— Ага… Значит, услышано глазами… — Вика прищурилась, помолчала и вдруг снова заговорила нормальным голосом. — Но это ведь, как ты говоришь, как бы. Вернее, как будто. Правда?
Илюша оторопел. Откуда она знает? Корреспондентка заговорщицки подмигнула мальчику.
— Ну, вот видишь. Хочешь, я угадаю еще один твой секрет? Тебе самому не нравятся твои рисунки. Твои учителя их хвалят, но тебе они ни капельки не нравятся. Ни капелюшечки.
Она показала сложенную щепоткой руку. Илюша почувствовал, что краснеет. Эта красивая Вика оказалась вовсе не такой дурой. Он оглянулся по сторонам. Хорошо, что никто их не слышал. Вика снова весело подмигнула. Она видела его насквозь — его страх, его сомнения, его повседневное напряжение. Илюша стоял перед нею, как голый.
— Я никому не скажу, — шепнула Вика, сделав таинственное лицо. — Можешь не бояться. Я в твоем возрасте тоже любила разыгрывать взрослых. Почему бы не дать им то, что они так хотят получить, правда? Пусть себе тешатся, да? А мы посмеемся… ха-ха… Ты ведь над ними посмеиваешься?
— Нет, — сказал он. — Я не посмеиваюсь. Они хорошие.
— А что ты рисуешь на самом деле, Илья? Скажи, все равно никто не услышит. Или ты боишься? Ведь боишься?
— Вот еще! — вспыхнув, отвечал Илюша. — Ничего я не боюсь. Я рисую…
Он на секунду задумался и вдруг припомнил, как рисовал свою самую первую картину, когда мир еще был целым, рядом сидела почти здоровая мама, а отец звался Алексеем и любил их не по совместительству.
— Итак?.. — поторопила его Вика. — Ты рисуешь…
— Яичницу, — тихо сказал Илюша. — Глазунью в тюрьме.

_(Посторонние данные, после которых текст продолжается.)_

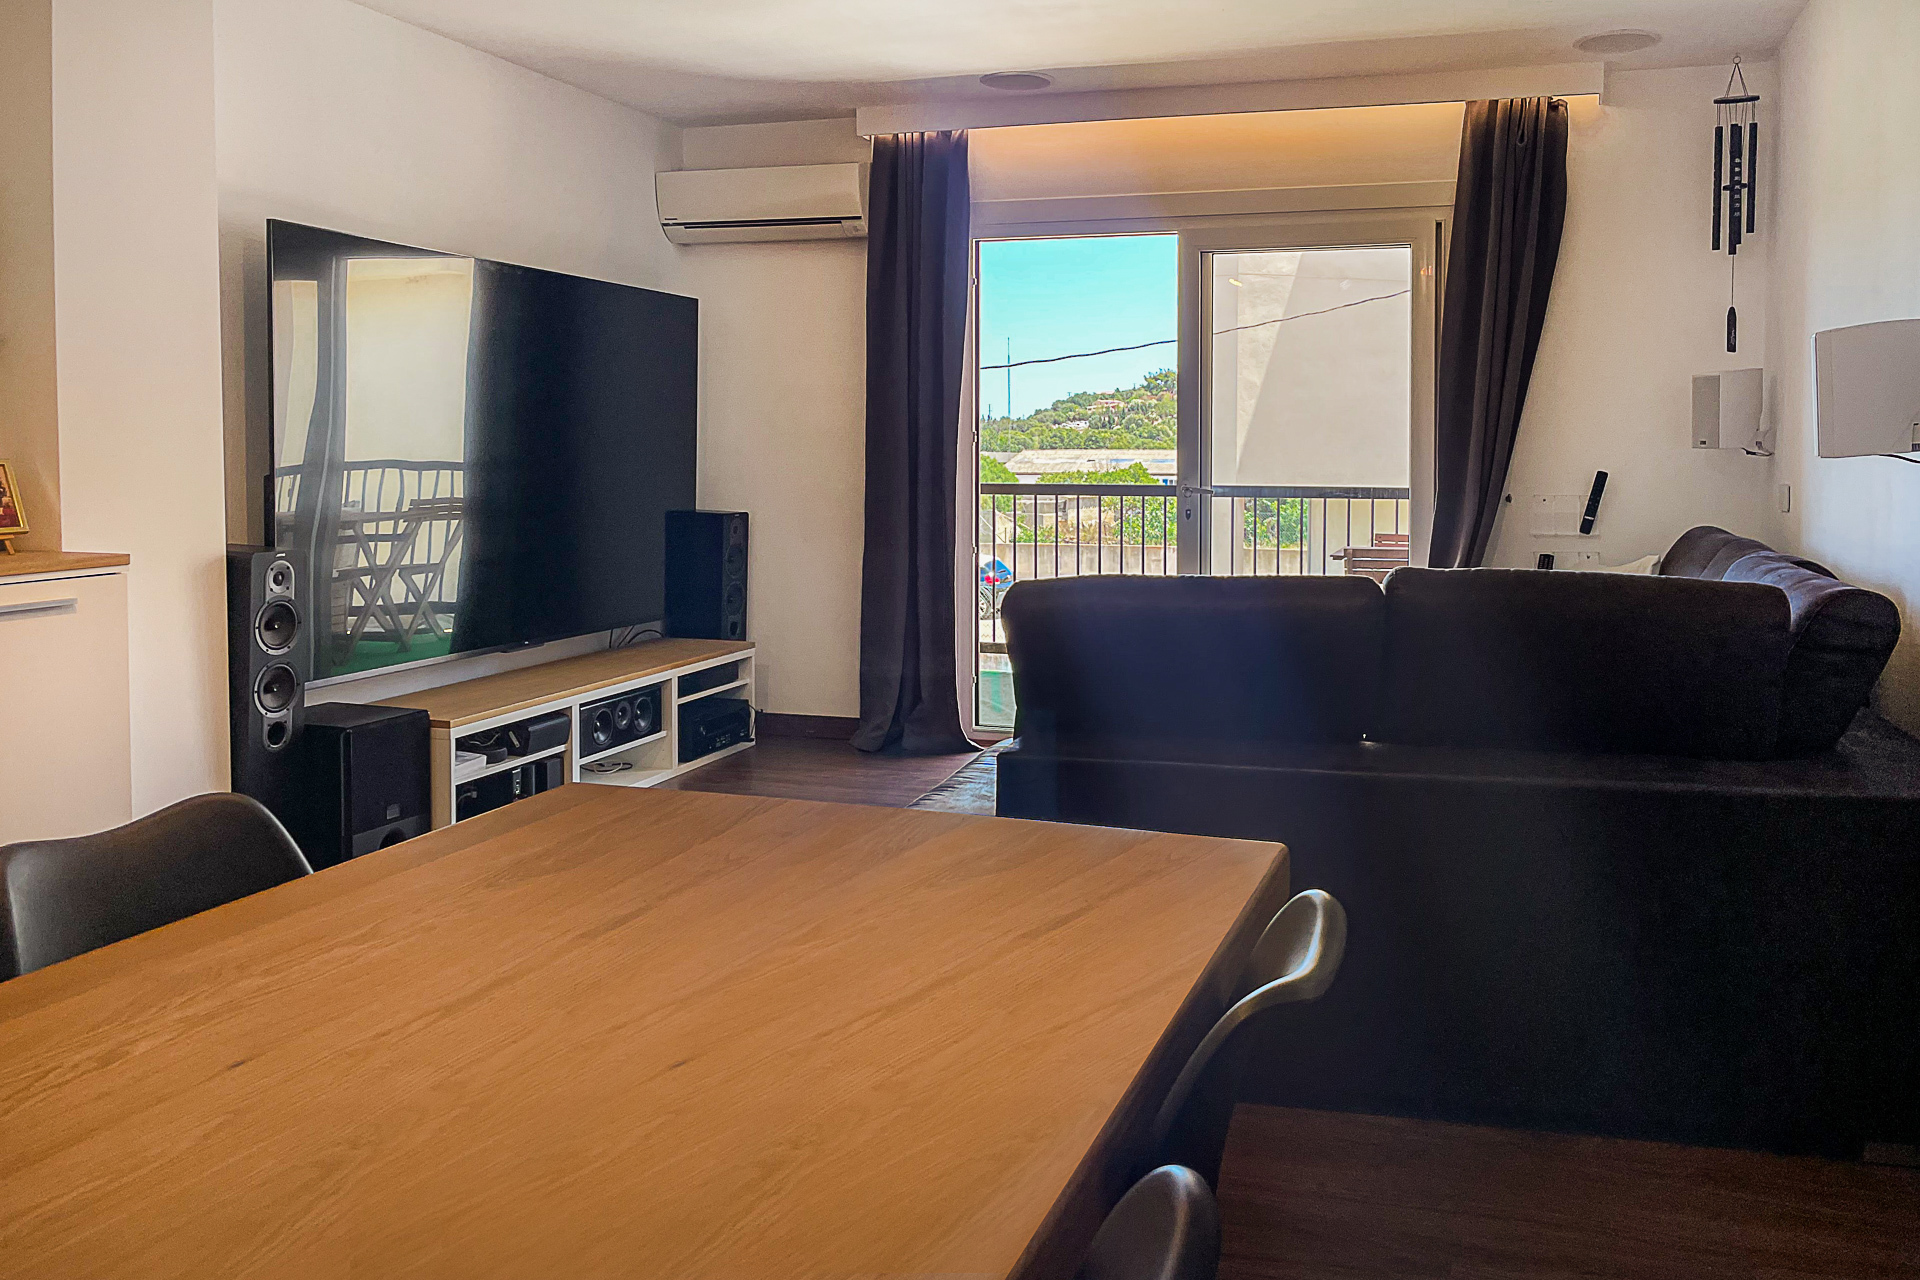 Encantador piso con sistema de casa + sonido inteligente, baños modernizados y balcón, 07580 Capdepera (España), Piso en planta
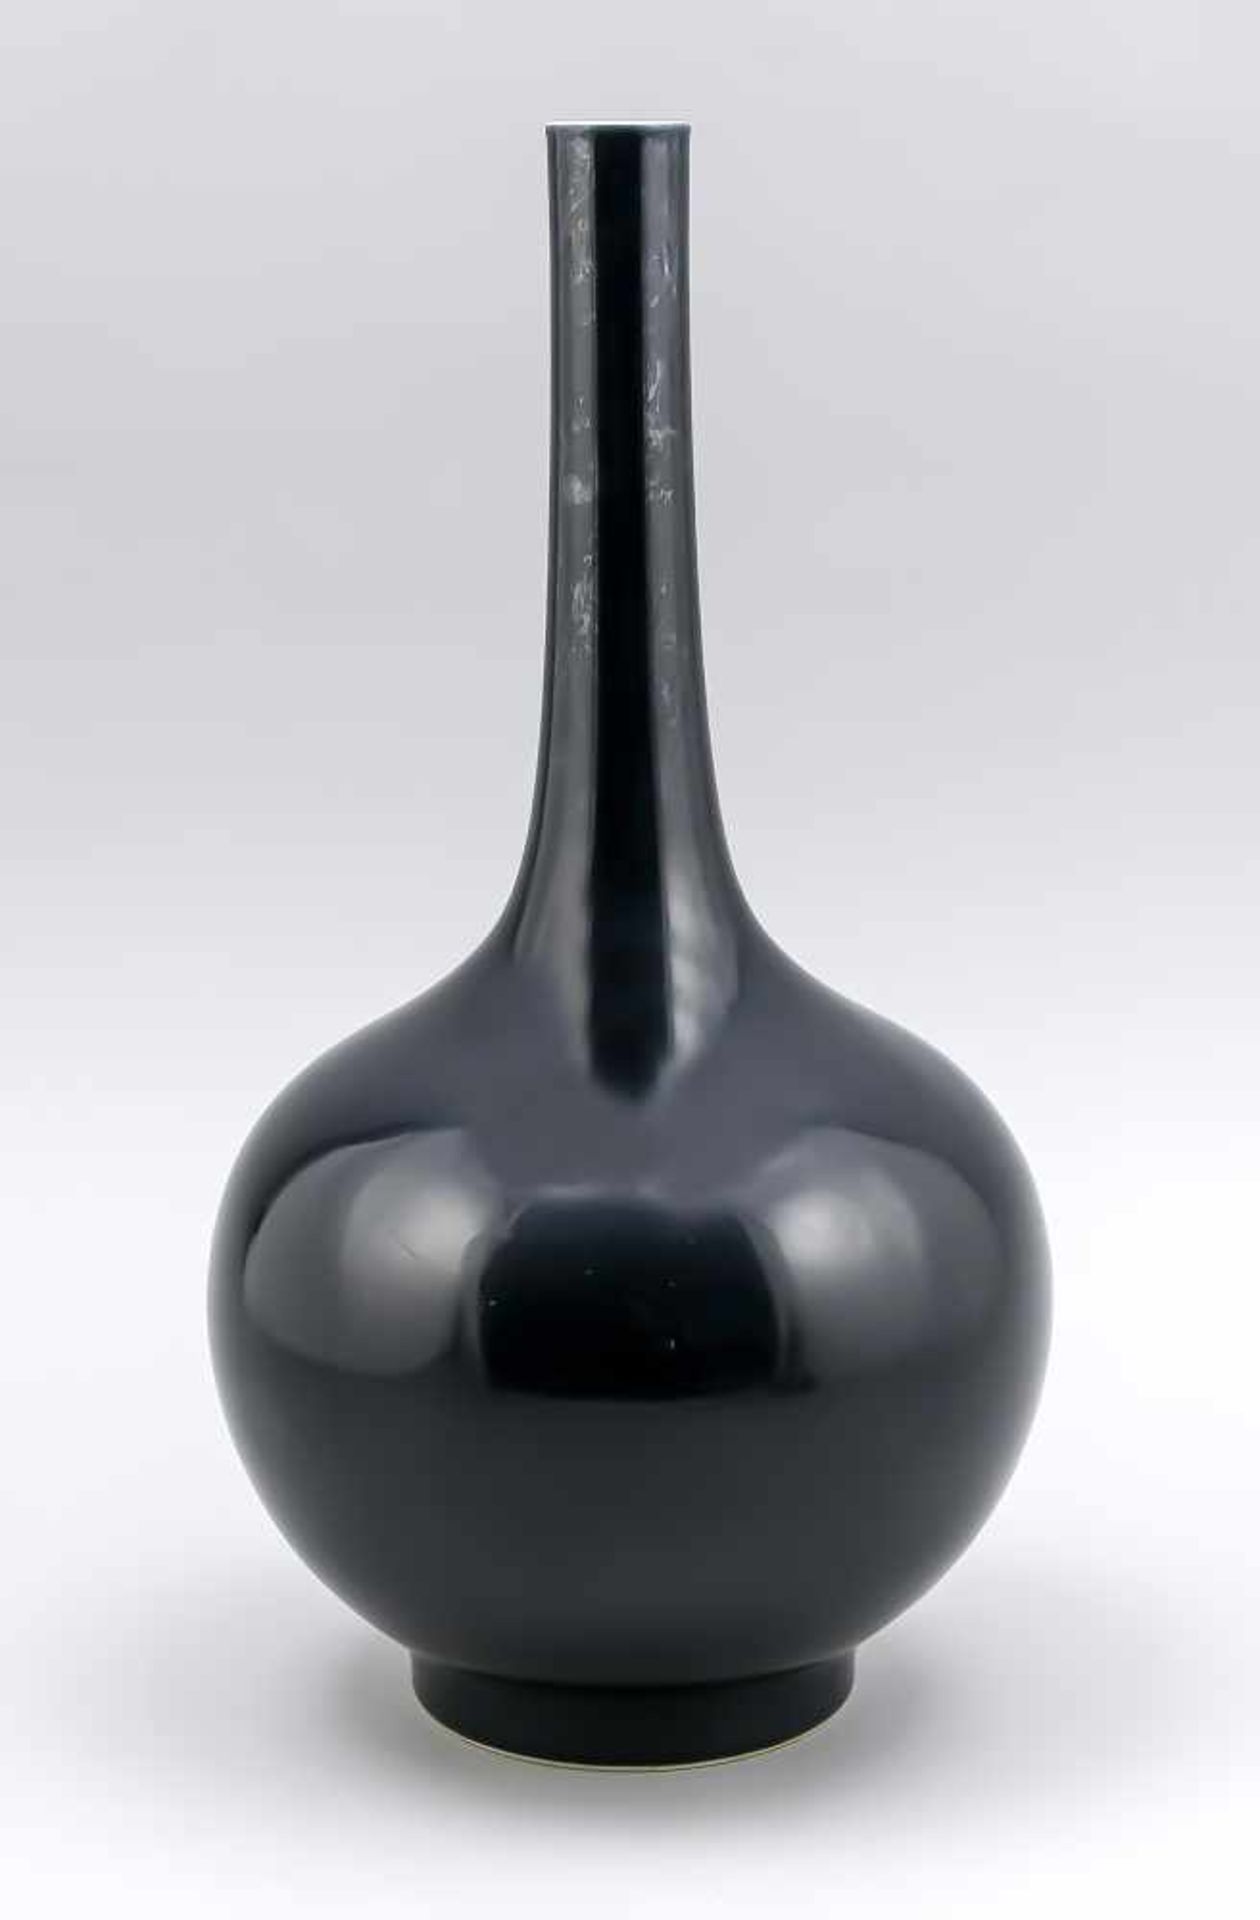 Monochrome Flaschenvase, China, 20. Jh.? Bauchiger Korpus auf zylindrischem Fußring,dunkelblaue

Видишь, вон она. А вот решетка.
— Вижу, — свистящим шепотом отвечала Вика. — А руки?
— Это она хочет наружу. На свободу.
— Ага, понимаю. А почему восемь пальцев?
— А чтобы он не догадался, — почти неслышно прошелестел мальчик.
— Он — это кто? Учитель?
Илюша кивнул.
Корреспондентка вскинула голову и, повернувшись к оператору, развела руками.
— Что ж, — произнесла она своим прежним радиоголосом. — Вы все видели сами. Глазунья в тюрьме… Стоп.
— Вика! Вика!
Отец спешил к ним из другого конца зала, огибая стенды и делая призывные знаки. Корреспондентка потрепала Илюшу по голове.
— Давай, Илья как бы Петрович, вернее, Алексеич. Держись. И извини, если что. Пошли, Сережа.
Оператор вскочил, ловко подхватил камеру и двинулся за Викой к месту исторического интервью, где их уже поджидал Учитель, величественно зажав в кулаке свою небогатую бороденку.
Сюжет о выставке предполагался к показу в конце недели, в рамках не слишком рейтинговой, но авторитетной программы новостей культуры. А кроме того Вика обещала тематическую заметку в пятничной вечерней газете, где вела собственную колонку. И хотя убогий ручеек посетителей, состоявший из одних лишь окрестных пенсионеров, окончательно иссяк уже к четвергу, Игнатьич приободрился, а вместе с ним повеселели и апостолы.
Знали бы они, какой она будет, эта долгожданная телепередача… Из получасовой проповеди Учителя в нее вошло в общей сложности минуты полторы, да и то едва слышно — в сопровождении заглушающих слово Учения едких закадровых замечаний. Львиная же доля сюжета отводилась на интервью с Илюшей Дорониным и на сопутствующий комментарий некоего доктора плешивых наук — специалиста по оккультно-эзотерическим сектам. Но самое неприятное содержалось даже не в самом телесюжете, а в опубликованной накануне статье, для которой передача служила дополнительной иллюстрацией. Вместе газетная публикация и телевизионный репортаж образовывали кумулятивный заряд поистине ядерной силы.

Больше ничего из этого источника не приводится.